她再也坚持不住了,抱着卫浅颂,颤抖着,低声抽泣起来。
卫浅颂轻轻的顺着郁秋芜的脊背。
她对这个素未谋面的丈母娘有了些怨。
如果这人是故意离开的,至少,也得和郁秋芜说一声吧?
她是个母亲吗?她有没有爱过这个孩子?
她走的时候,都在想什么?
“先报警吧。”卫浅颂打开手机,拨通电话。
她们找了个地方坐下。
最近失踪的人好像有点多。对面支吾了半天也没给卫浅颂一个准信,只说已经把信息记录下来了,一定会办。
卫浅颂盘算着再麻烦一下卫清吟。
等卫浅颂打完电话,郁秋芜也没再哭了,只是靠在卫浅颂身上抽噎着。
“她肯定是走了。”郁秋芜抱的那样紧,恨不得和卫浅颂融为一体一样。
“万一只是外出有事呢?”卫浅颂想办法安慰着郁秋芜。
郁秋芜摇头。“她……早就想走了。她和那边的她简直一模一样,酗酒抽烟,只是比那边的清醒不少。”
“我最开始穿越过来,看见她,我其实是有点高兴的。我还挺……渴望一个温暖的家,渴望父母的爱。我想着都换了个世界,总不至于我的妈妈依旧那样……可是没有意外,她就是那么的冷漠,换一个世界也一样。”
“我觉得她不爱我,不爱她的女儿。她看我的眼神很淡漠,好似她只是认识我,心裏却没有我。她跟我的交流就像完成任务一样。前两天你也听到了……”

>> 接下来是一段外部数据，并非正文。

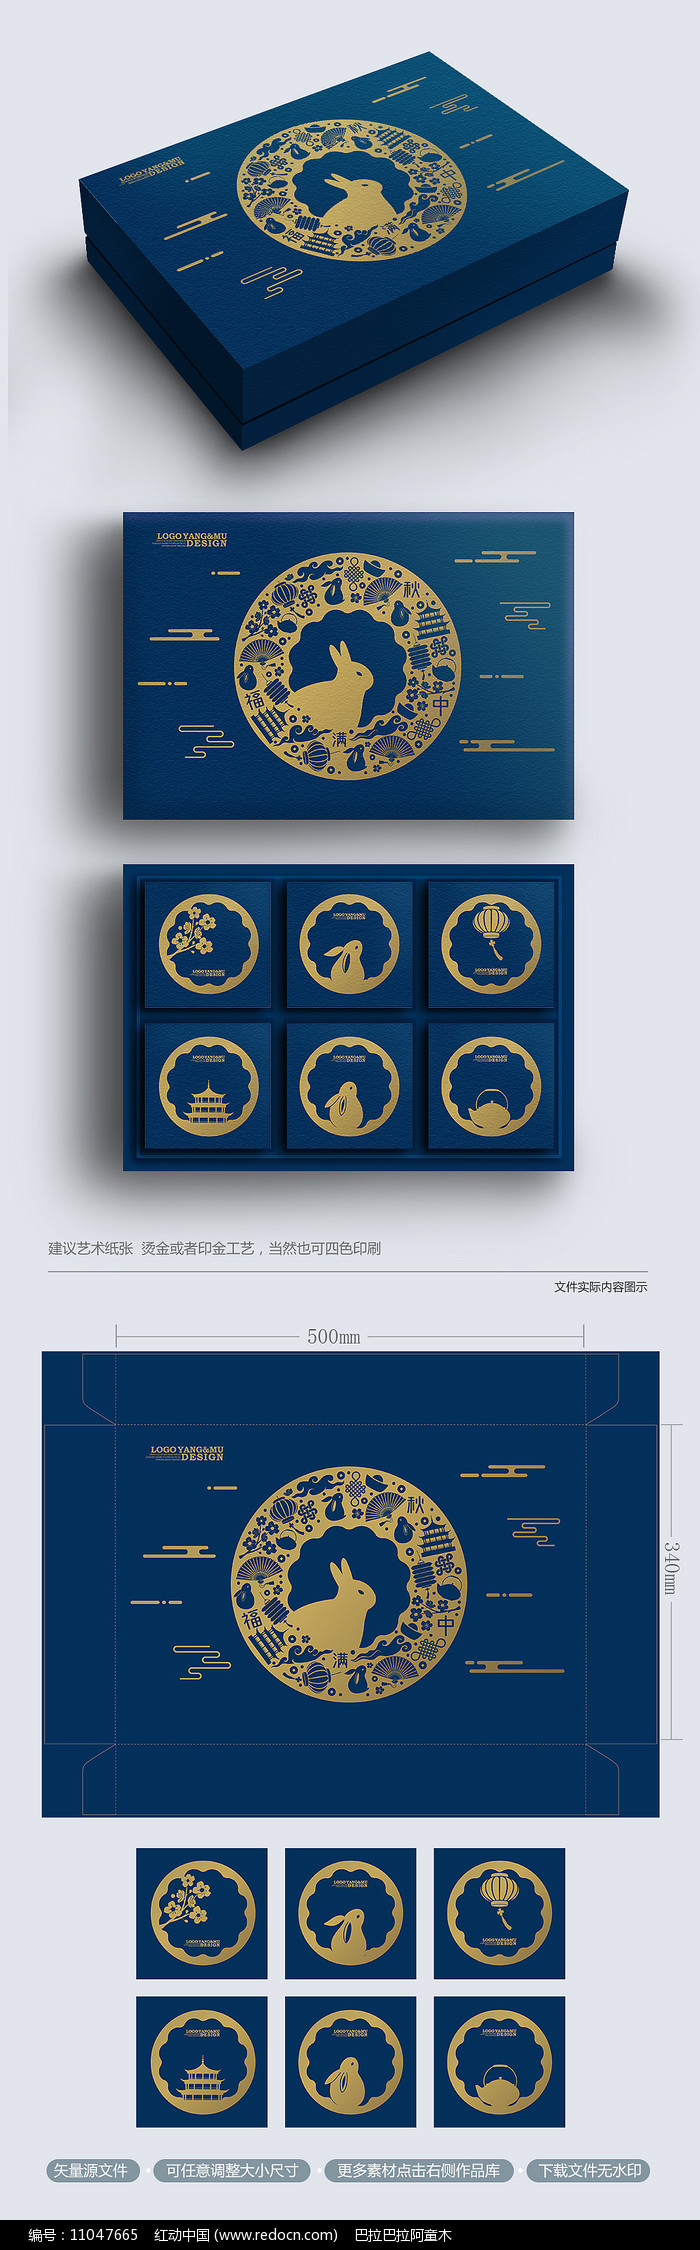 原创蓝色简约高端大气中秋月饼包装礼盒图片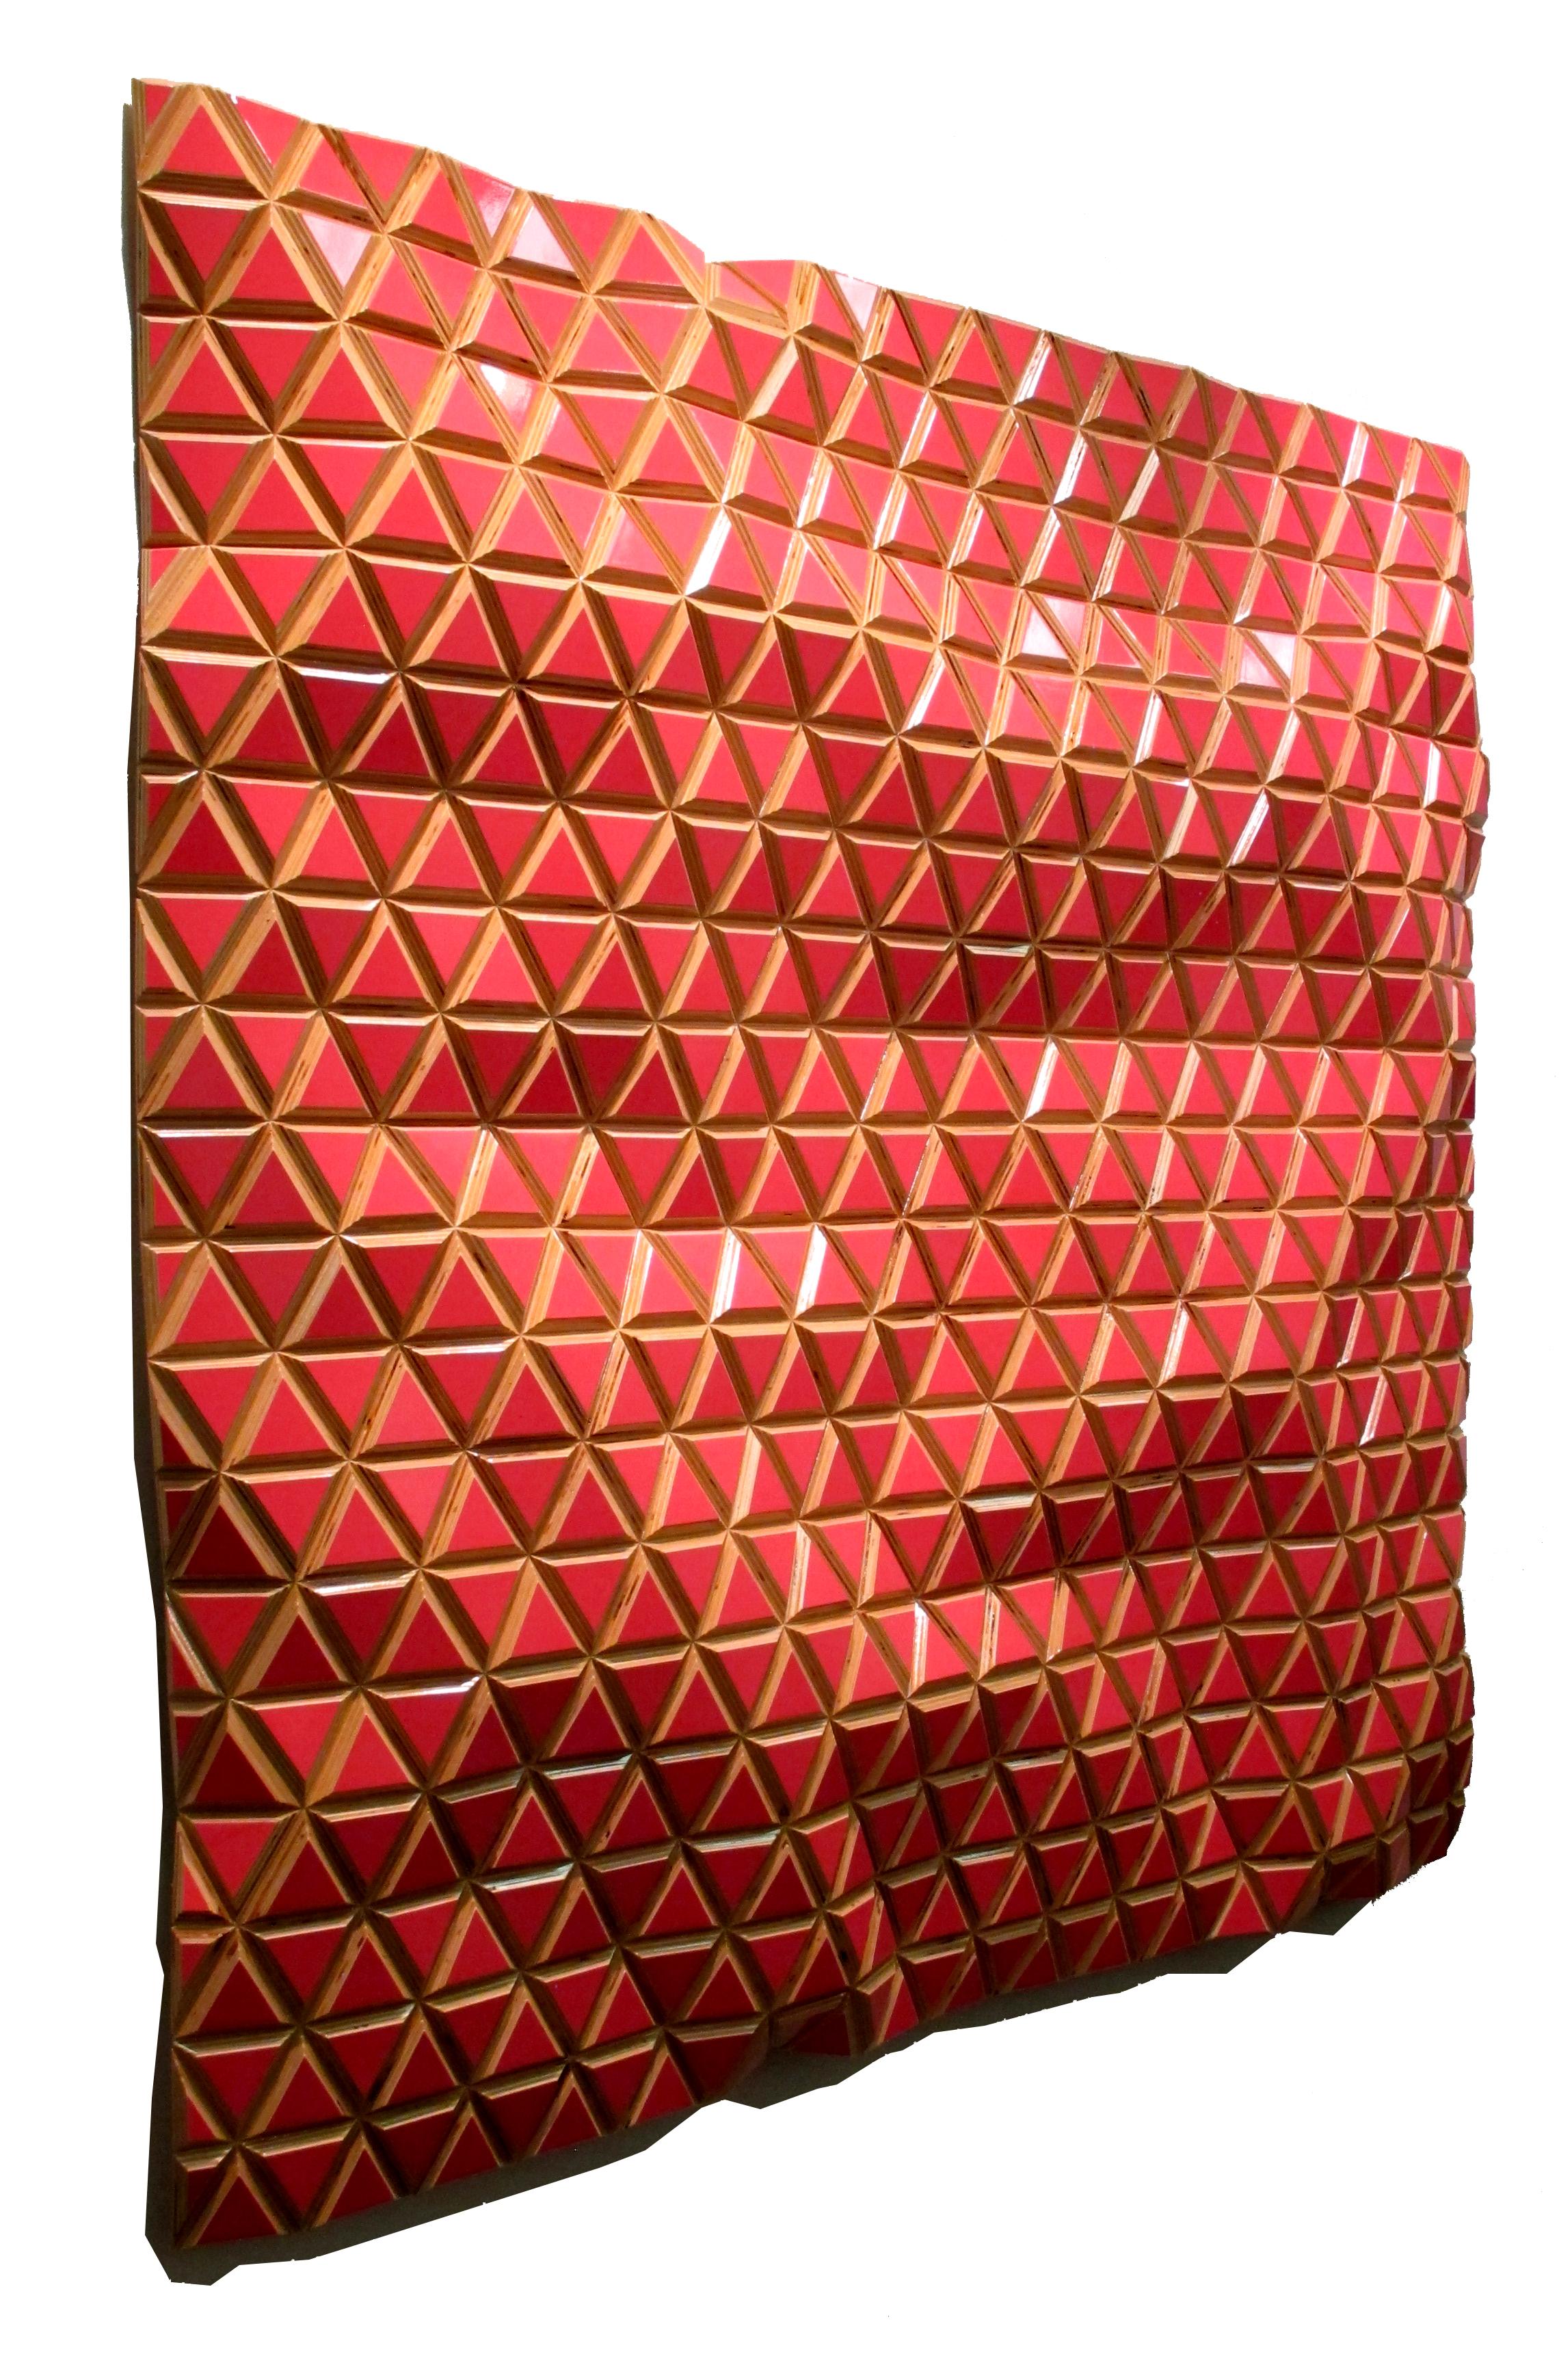 HGU_Flexible Rigids-Desert Rose_57x59in_144x150cm_L1.jpg

“我试着让她留下来过。郁珩……郁珩出生以后,她好转了不少,所以我也经常让她帮着带一带郁珩。郁珩在的时候,她精神状态会好上不少,烟和酒也都戒了。可是……”
卫浅颂的心也跟着在痛。
她的阿无多可怜,就好像上天针对她一般,无论在哪儿,都不给她亲情。
“把这裏收一下吧,说不定会有什么线索。”
卫浅颂回忆了一下前两天跟郁秋芜一起给郁庭雪打的电话。
郁庭雪说的有些多,末了郁秋芜还吐槽说她变唠叨了,就像最后一次叮嘱郁秋芜一样。
都是有迹可循的。郁庭雪多半是主动离开了。
她们最终还是在这间屋子裏翻到了一份日记。
摆在郁庭雪的书房,翻开的。
郁秋芜想把它封回箱子裏。
“等等,她好像想让你看看。”卫浅颂註意到翻开那页的字。
两个人只好又坐下,翻看起这份手写的日记。
日记开始的时间很奇怪。不是任何人的生日,不是什么特别的日子。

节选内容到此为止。